(Dataset records)
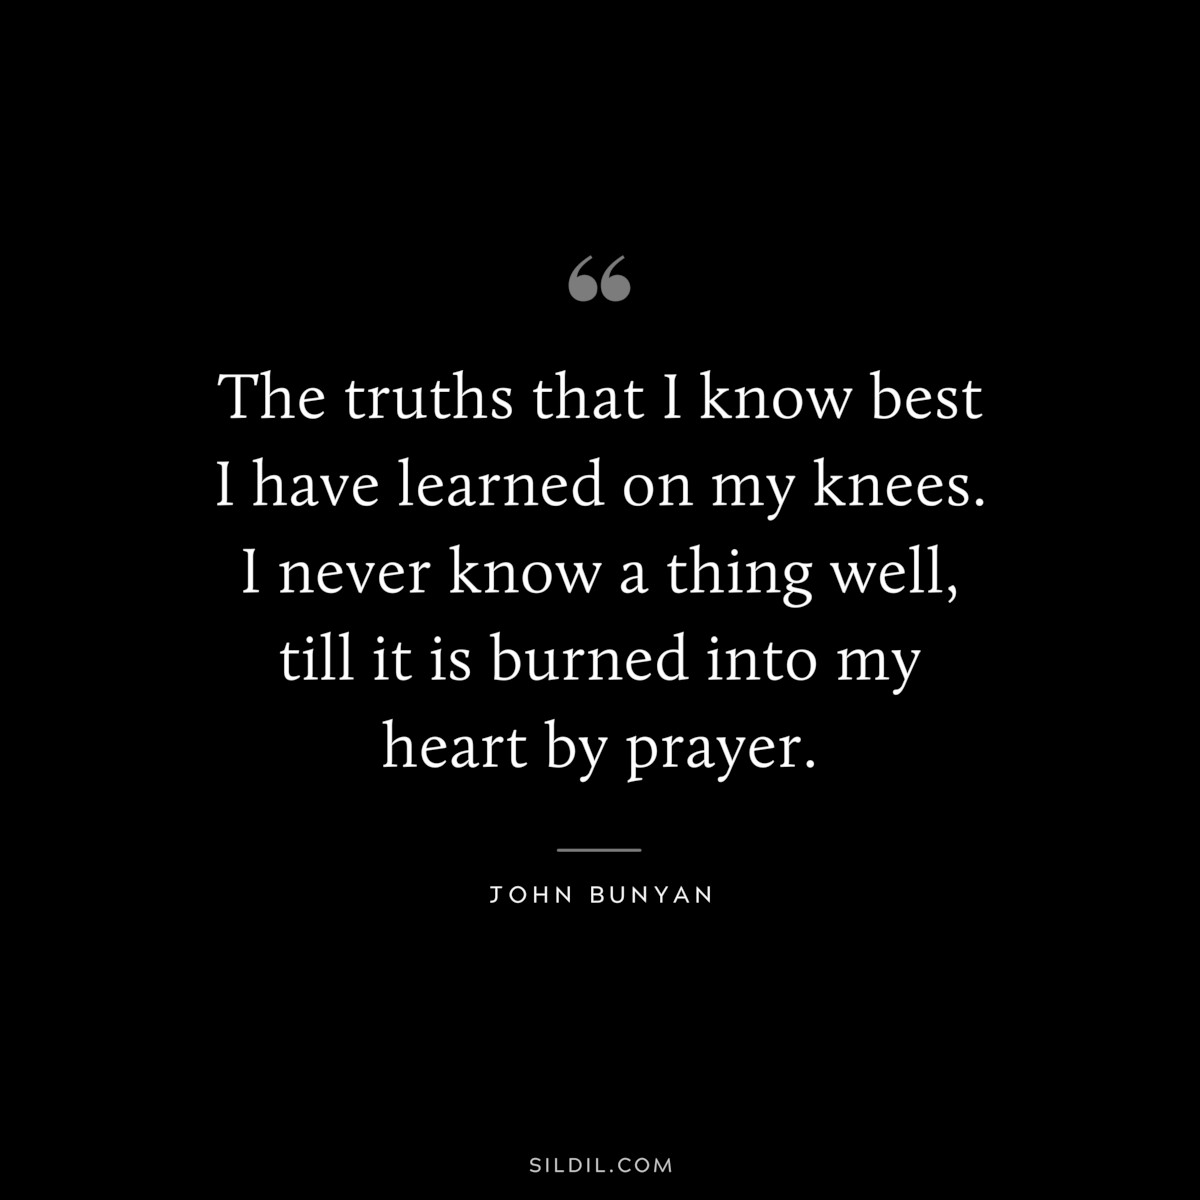 The truths that I know best I have learned on my knees. I never know a thing well, till it is burned into my heart by prayer. ― John Bunyan
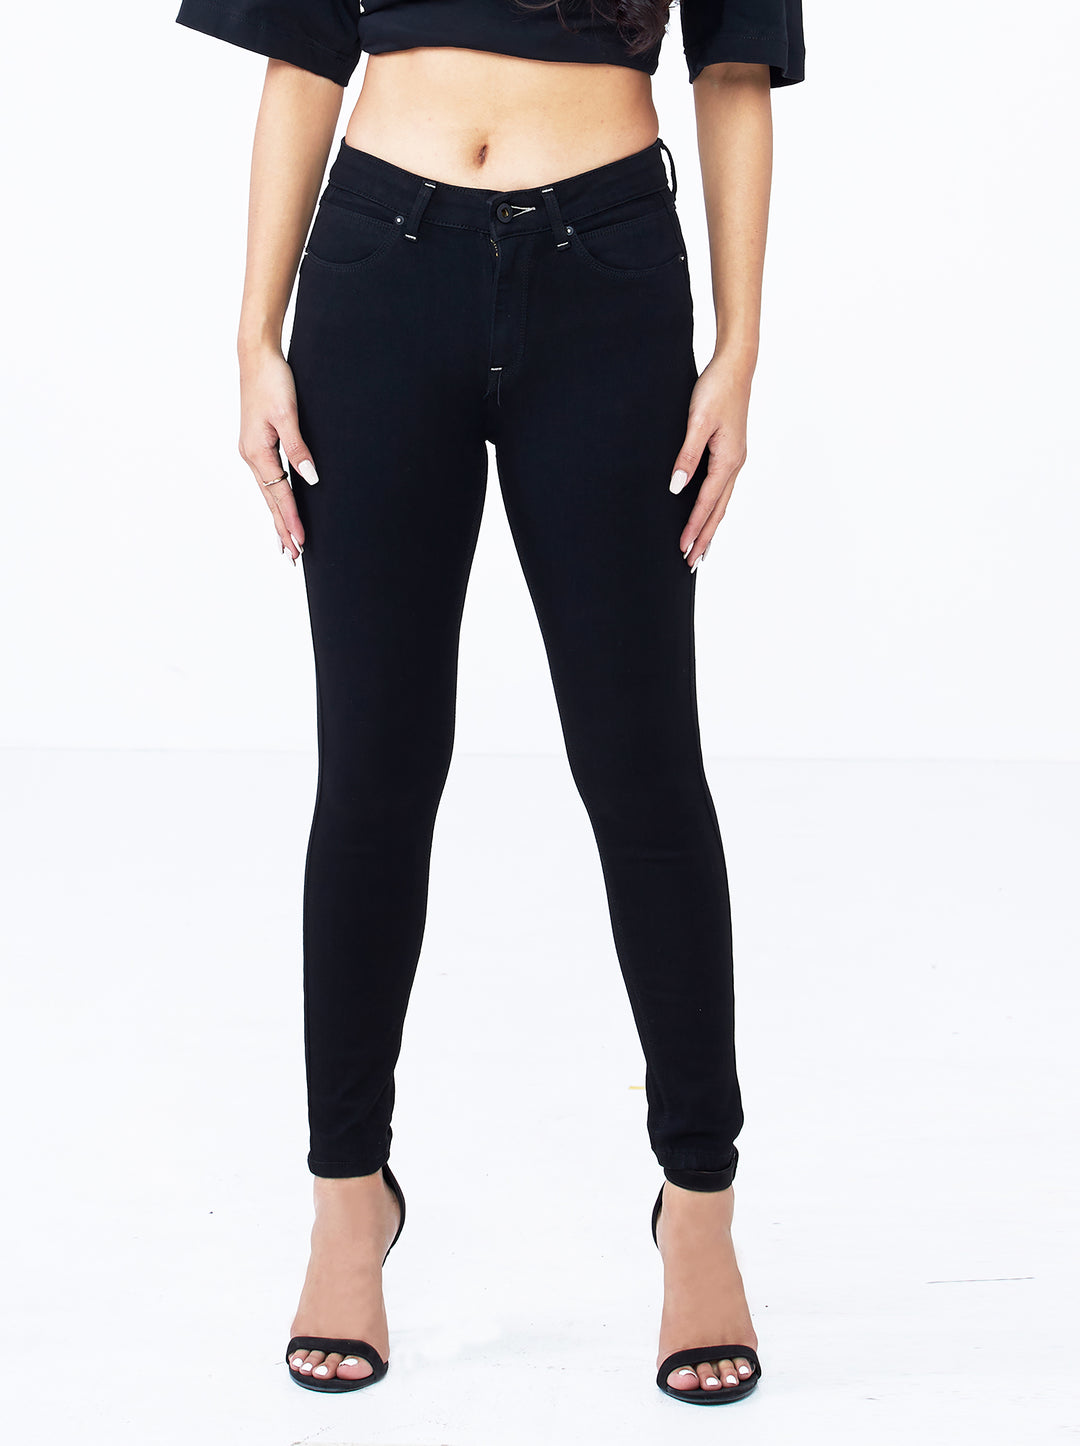 Jag Ivana Jeans in One Wash 25"
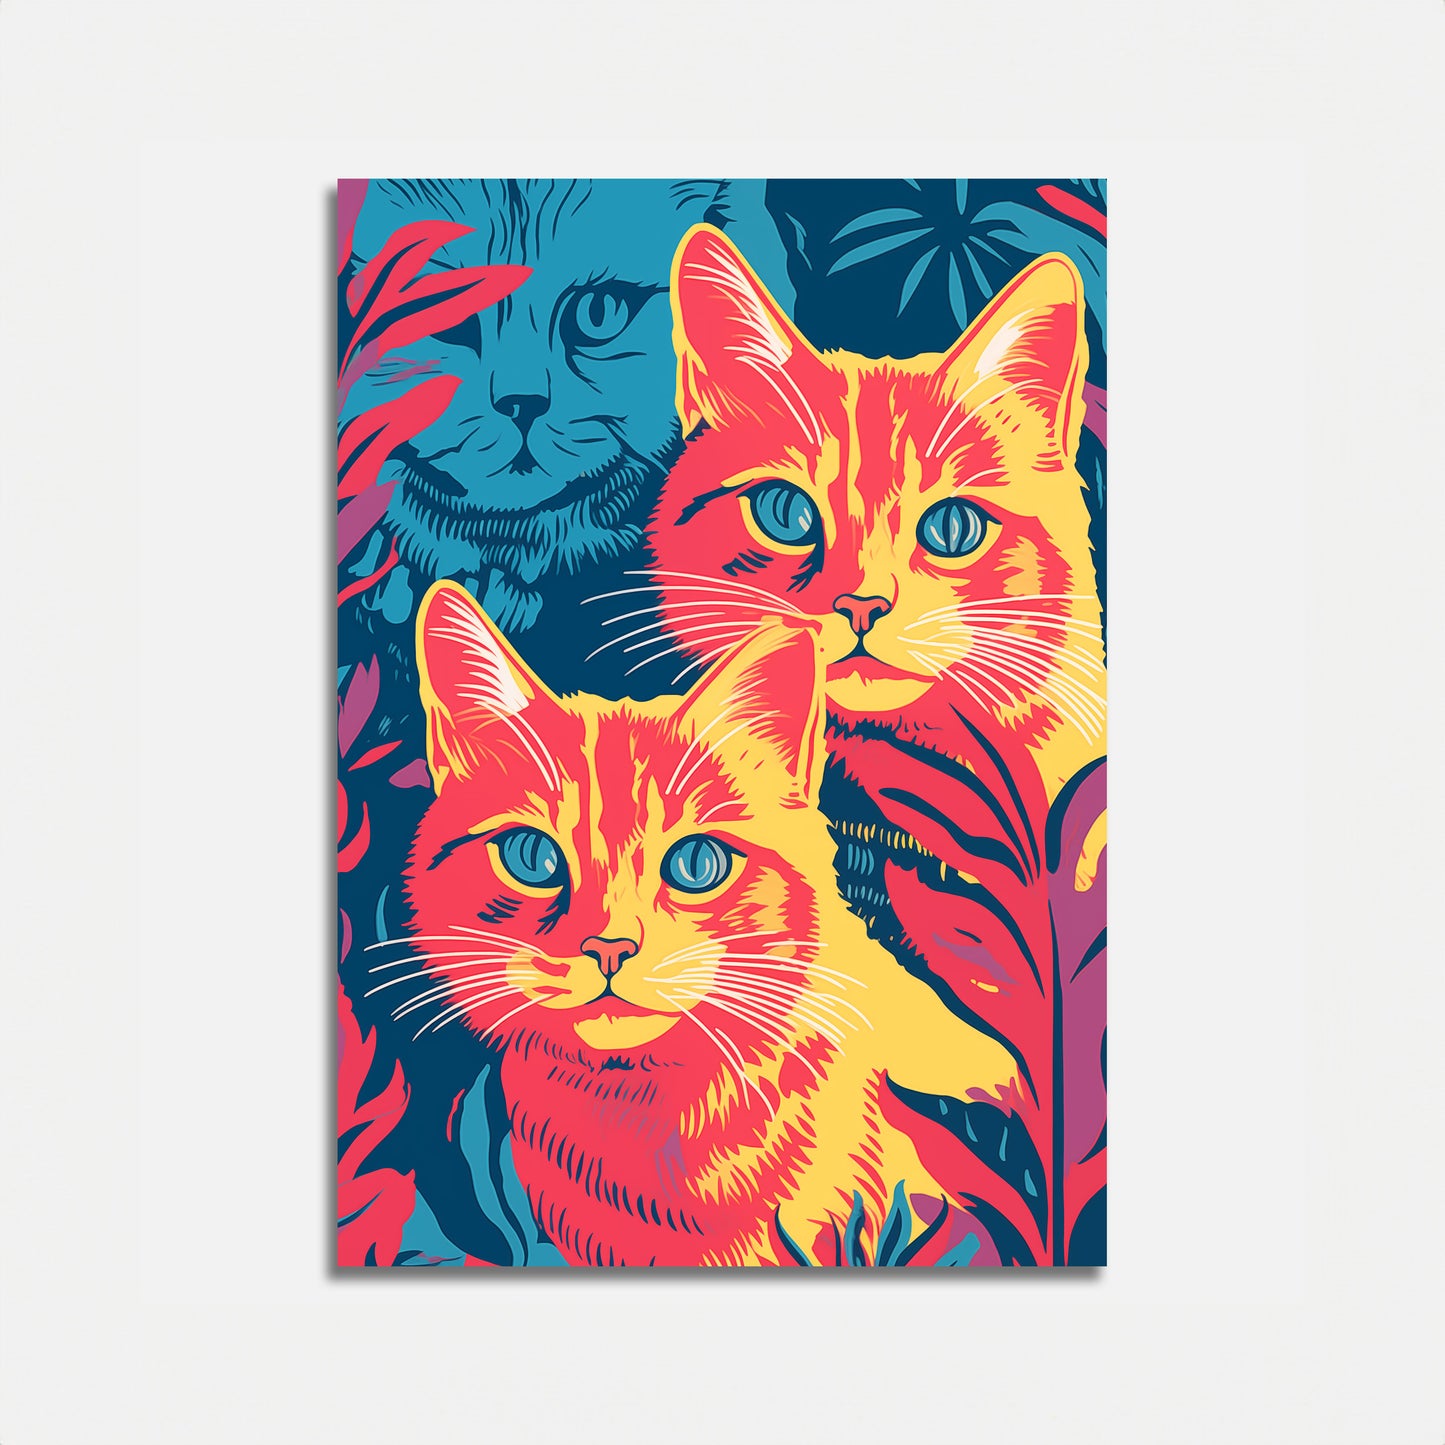 Colorful illustration of three cats with vibrant blue and red foliage background.
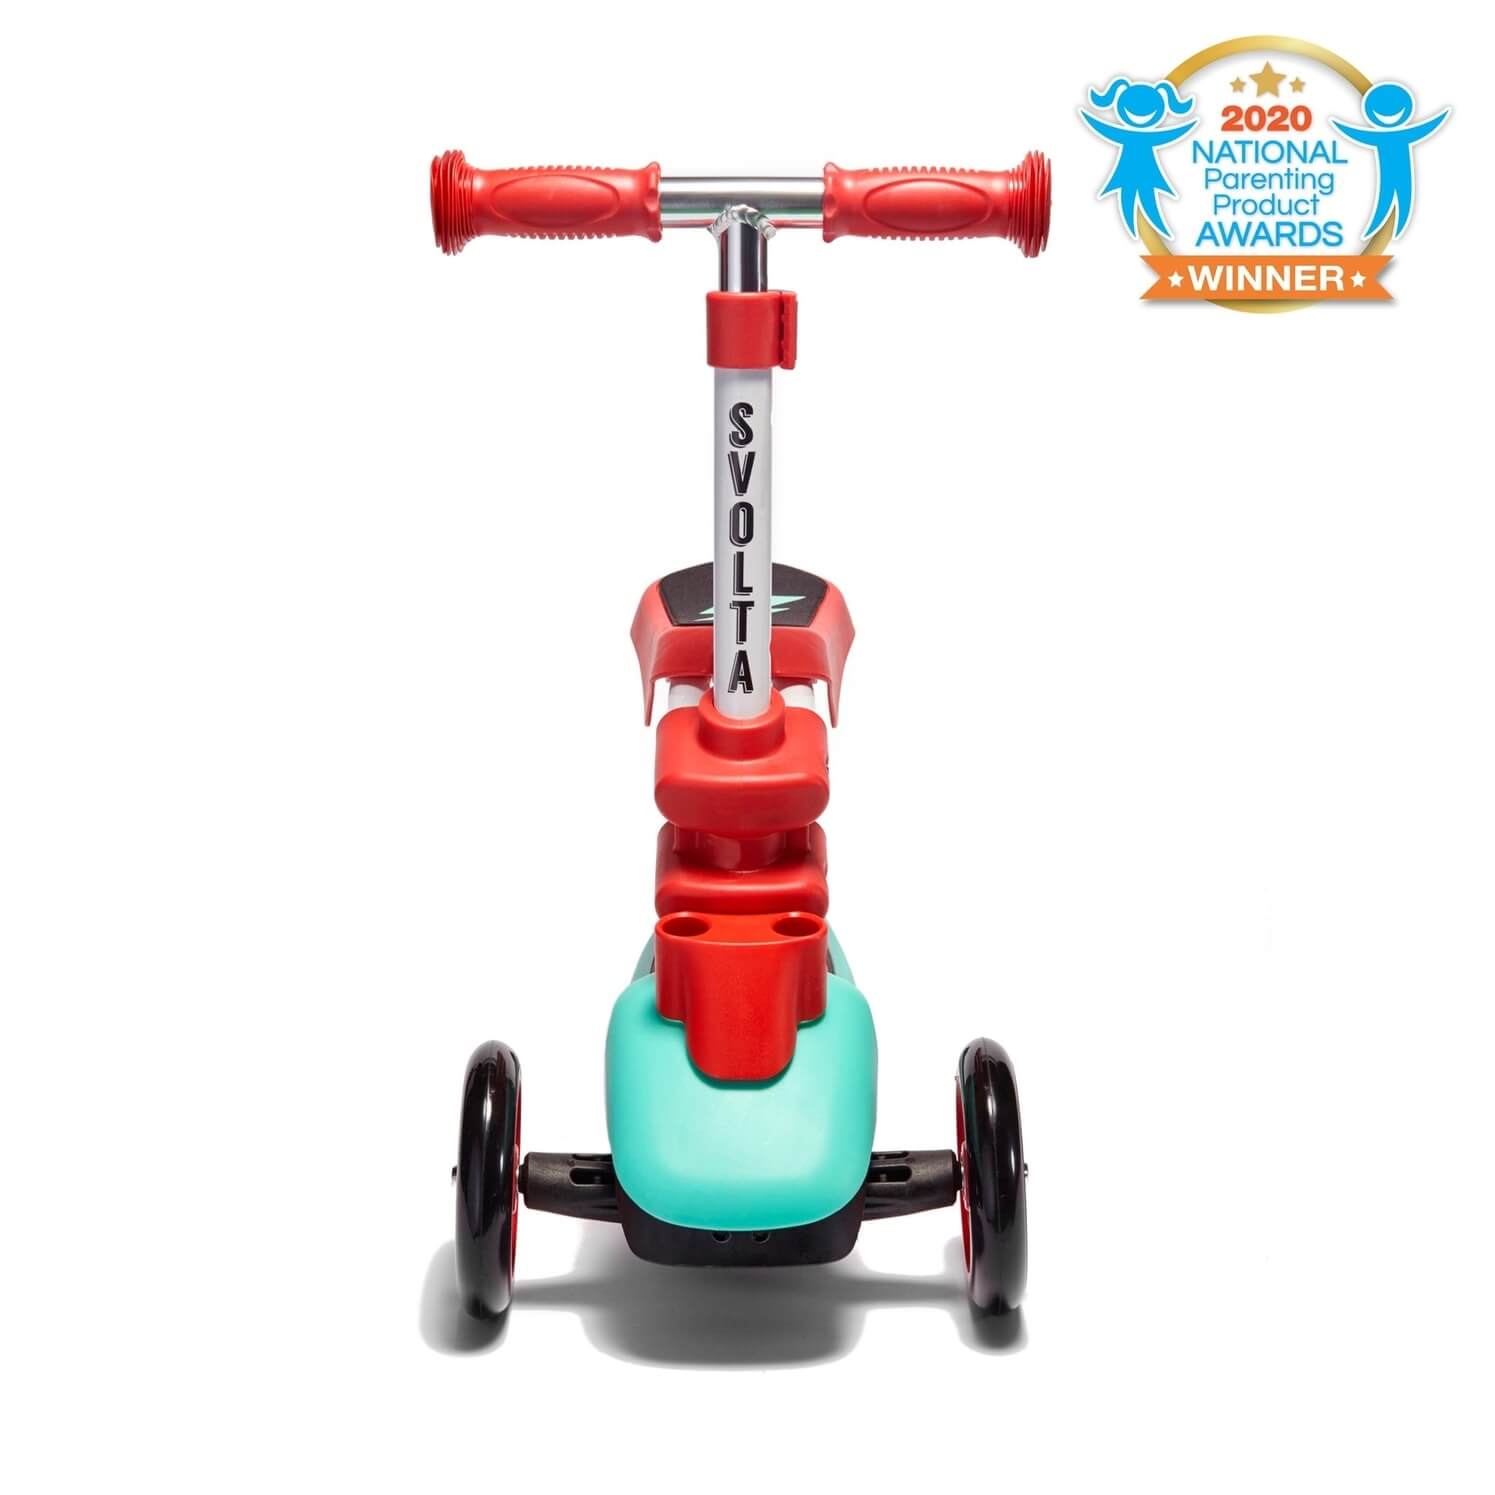 Award winning Svolta Ace 2-in-1 Toddler Scooter Ride On Red Aqua Front
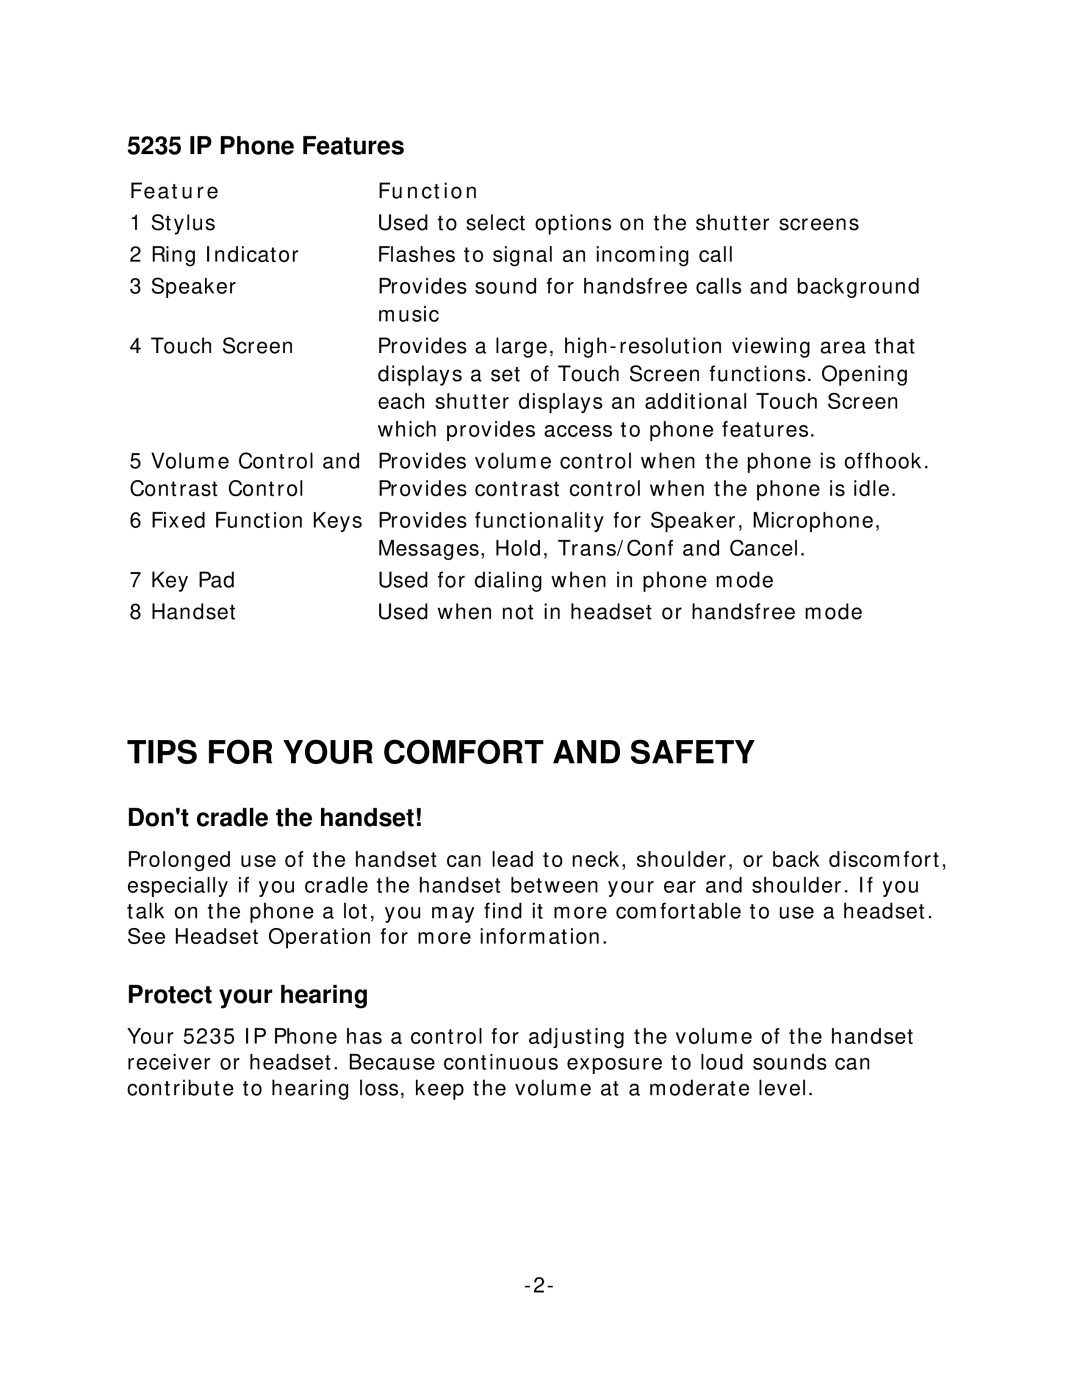 Mitel 5235 Tips For Your Comfort And Safety, IP Phone Features, Dont cradle the handset, Protect your hearing, Function

*WHAT THE TASK REQUIRES*
Give back every record above word for word, dropping pictures.

*RESPONSE TO THE TASK*
 The truths that I know best I have learned on my knees. I never know a thing well, till it is burned into my heart by prayer. ― John Bunyan
 Jag Ivana Jeans in One Wash 25"
 Colorful illustration of three cats with vibrant blue and red foliage background.
 Award winning Svolta Ace 2-in-1 Toddler Scooter Ride On Red Aqua Front
 Mitel 5235 Tips For Your Comfort And Safety, IP Phone Features, Dont cradle the handset, Protect your hearing, Function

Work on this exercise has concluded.